La revisión del TMEC: más que un tratado, la columna vertebral de la integración Norteamericana
Experto en Fusiones, Adquisiciones y Asesoría Corporativa, Socio de Santamarina y Steta.
Julio de 2026 marcará el inicio de un proceso clave para México, Canadá y Estados Unidos: la revisión del tratado comercial que hoy conocemos como T-MEC. No se trata de una renegociación en sentido estricto, sino de un mecanismo previsto desde su diseño: cada seis años las partes evalúan el acuerdo y, si hay consenso, lo prorrogan por otros 16 años. Encaso contrario, se abre un periodo de hasta 10 años en el que los países deben reunirse anualmente para intentar alcanzar un nuevo entendimiento. Aun en el escenario más adverso —poco probable— el tratado no se cancela de forma automática. Este marco institucional es fundamental para dimensionar lo que está en juego.
El contexto político reciente ha tensado el ambiente. Desde Estados Unidos se han escuchado voces que aseguran que el país “podría vivir sin el tratado”, mientras que desde Canadá se habla de buscar alternativas de contrapeso frente a posturas más duras. Estas declaraciones generan incertidumbre, pero conviene separar el ruido político de la realidad económica. La integración productiva de Norteamérica no depende de discursos coyunturales, sino de décadas de interdependencia construida a través de cadenas de valor profundamente entrelazadas.
En este escenario, los empresarios se convierten en actores centrales. Son ellos quienes mejor entienden el costo real de desarticular una región integrada: pérdida de competitividad, encarecimiento de insumos y disrupción de empleos. En particular, los empresarios estadounidenses han hecho un esfuerzo constante por explicar a su propio gobierno la relevancia estratégica del tratado. A esta presión se suman gobernadores y legisladores de Estados Unidos, conscientes de que el comercio regional es un motor directo de desarrollo para sus estados.
Existe, además, un actor silencioso pero determinante: China. Tras la última revisión del tratado, los flujos comerciales de México se transformaron de manera significativa. La participación de Estados Unidos en las importaciones mexicanas cayó con fuerza, mientras que la de China creció de forma acelerada; al mismo tiempo, otros países ganaron peso. Esta diversificación modifica el equilibrio regional y explica parte de la presión para fortalecer a Norteamérica como bloque frente a otras potencias económicas.

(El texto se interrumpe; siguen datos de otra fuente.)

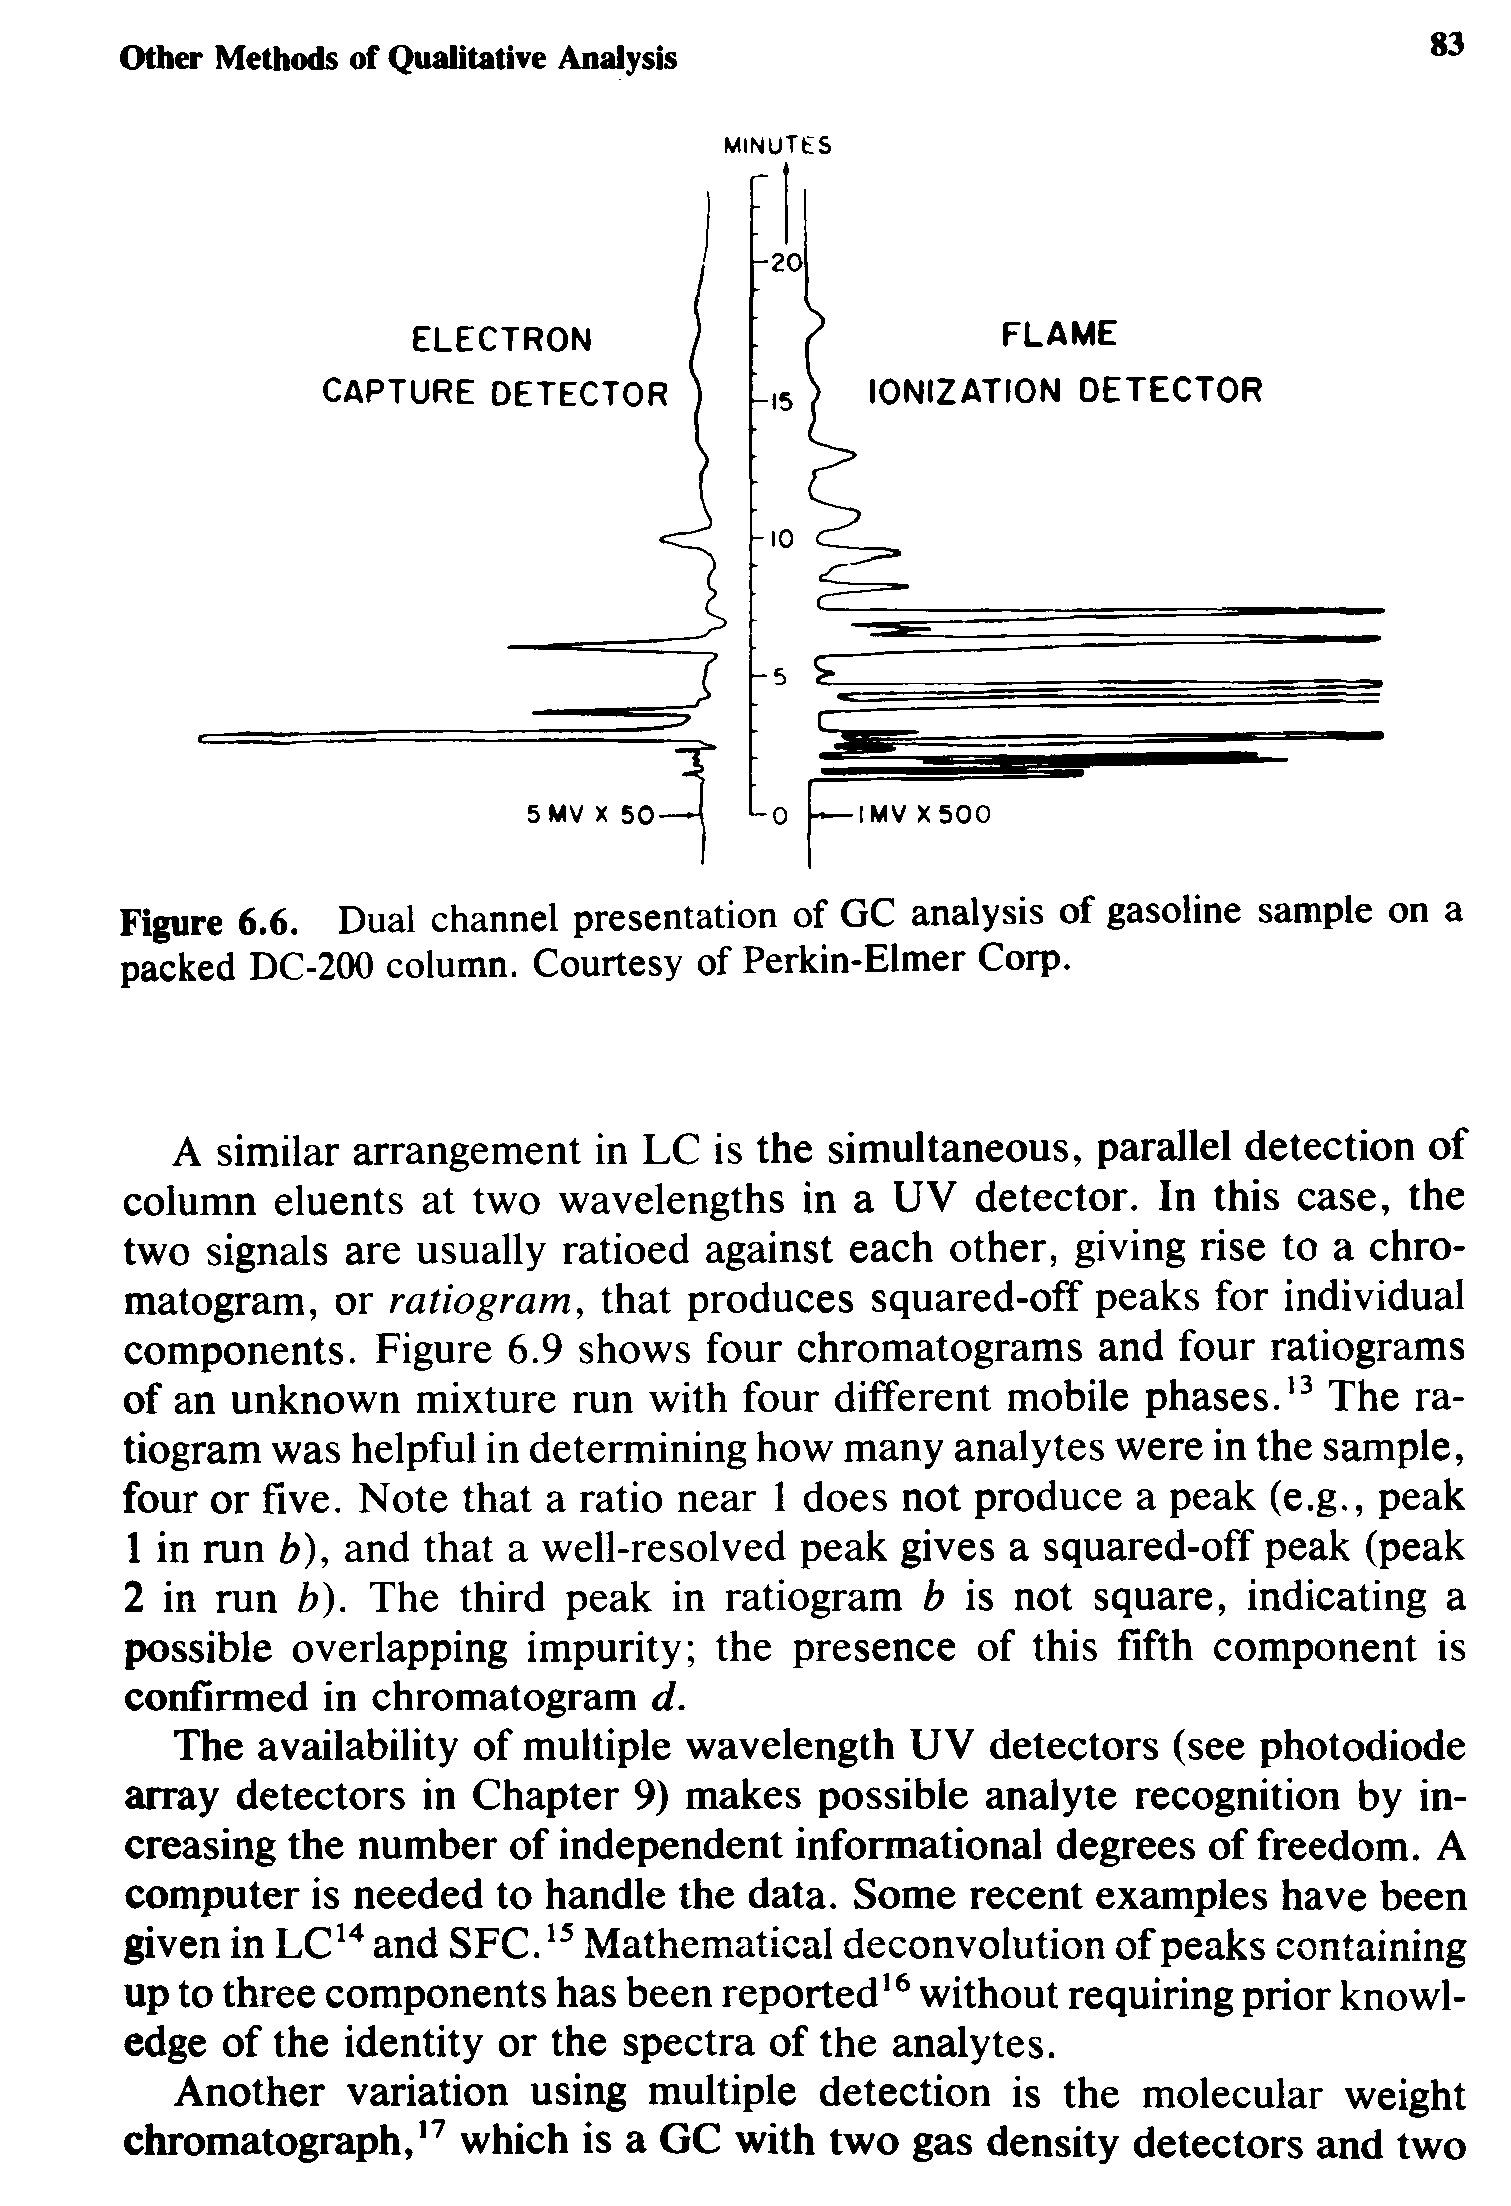 Figure 6.6. Dual channel presentation of GC analysis of gasoline sample on a packed DC-200 column. Courtesy of Perkin-Elmer Corp.
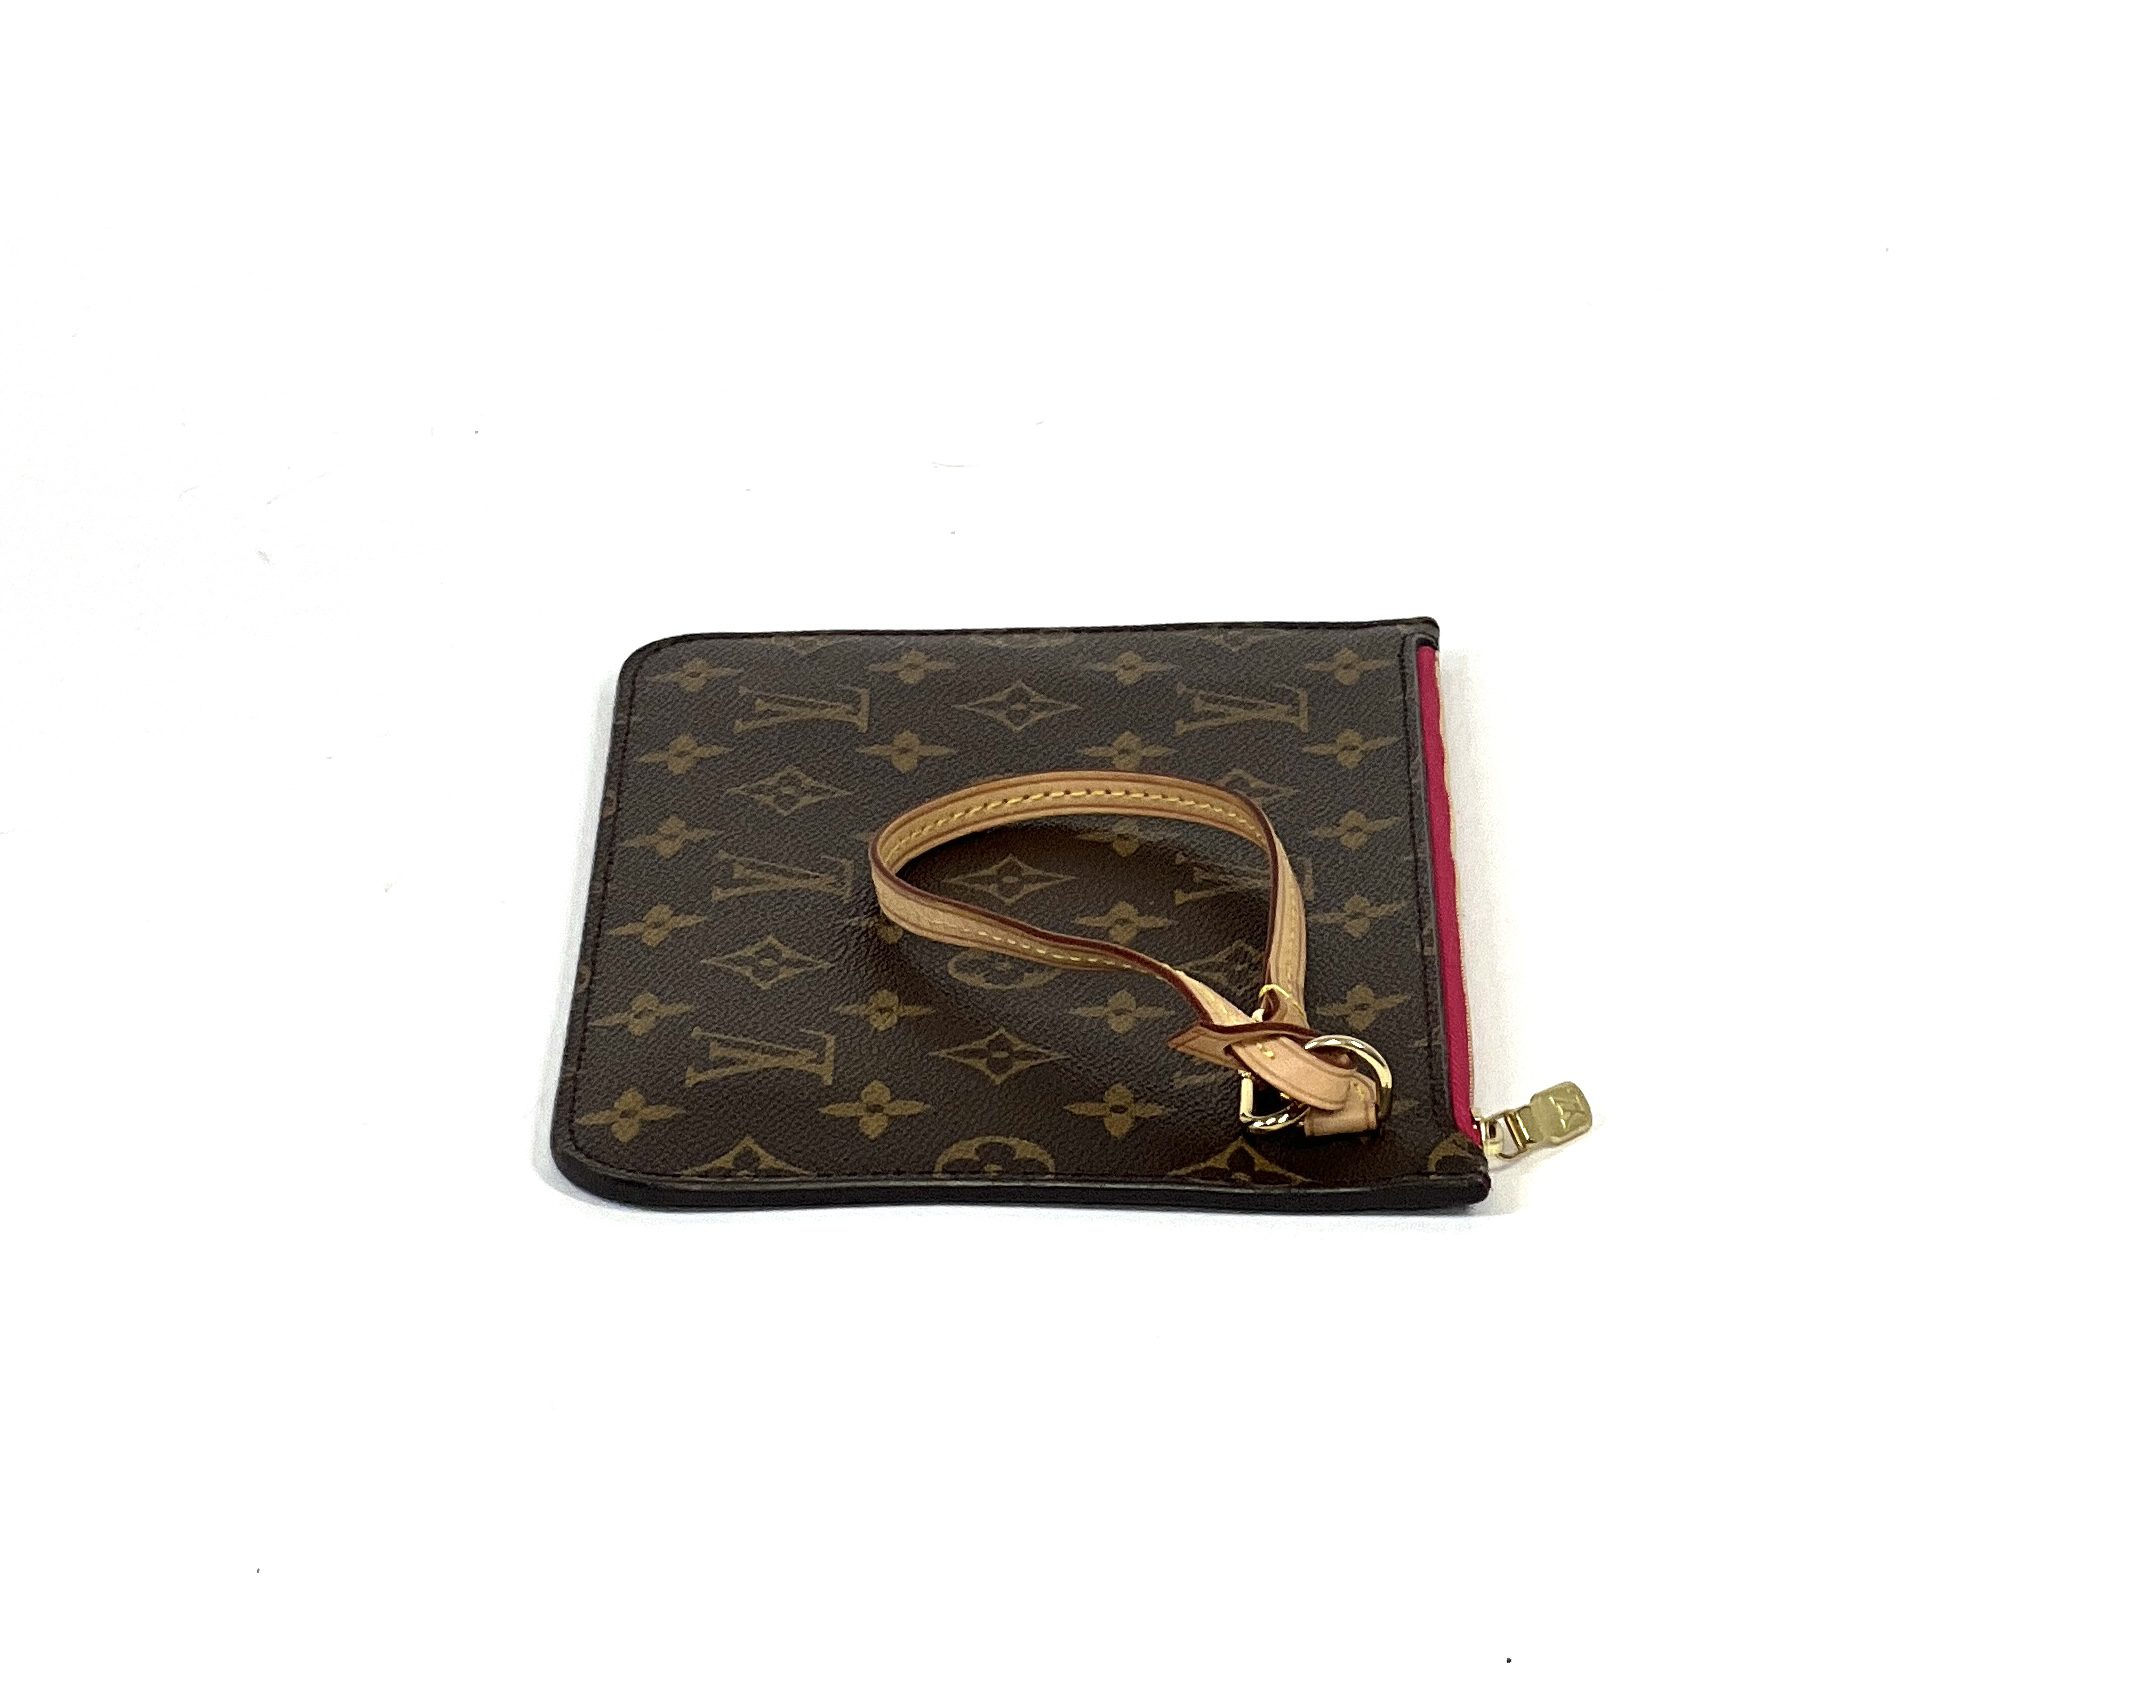 Pouch Converter Kit for Chanel O Case, Chanel Pouch, LV Neverfull

El ruido político, especialmente desde Washington, probablemente continuará. Es parte del estilo. Pero la sustancia es otra: una región que lleva décadas operando de manera integrada y que no puede deshacerse por decisión unilateral ni por un solo periodo presidencial. La experiencia pasada lo demuestra. Durante la revisión anterior, bajo la administración de Donald Trump, el proceso fue tenso, pero el resultado fue un tratado renovado que impulsó aún más el comercio trilateral.
México debe llegar a esta revisión con prioridades claras. El sector automotriz es una de ellas, por su peso económico y por su papel estratégico en la integración regional. Al mismo tiempo, el país debe enviar señales firmes de institucionalidad y certidumbre a los inversionistas. La negociación externa no puede desligarse del mensaje interno: sin confianza, México perdería la oportunidad de capitalizar la reconfiguración de las cadenas de valor globales.
La revisión del tratado en 2026 no es solo un trámite técnico. Es una oportunidad para consolidar a Norteamérica como una región competitiva frente al resto del mundo. El ruido será inevitable, pero la realidad económica pesa más. México puede salir fortalecido si defiende sus intereses con claridad, mantiene la prudencia política y entiende que la integración norteamericana es uno de sus activos más valiosos.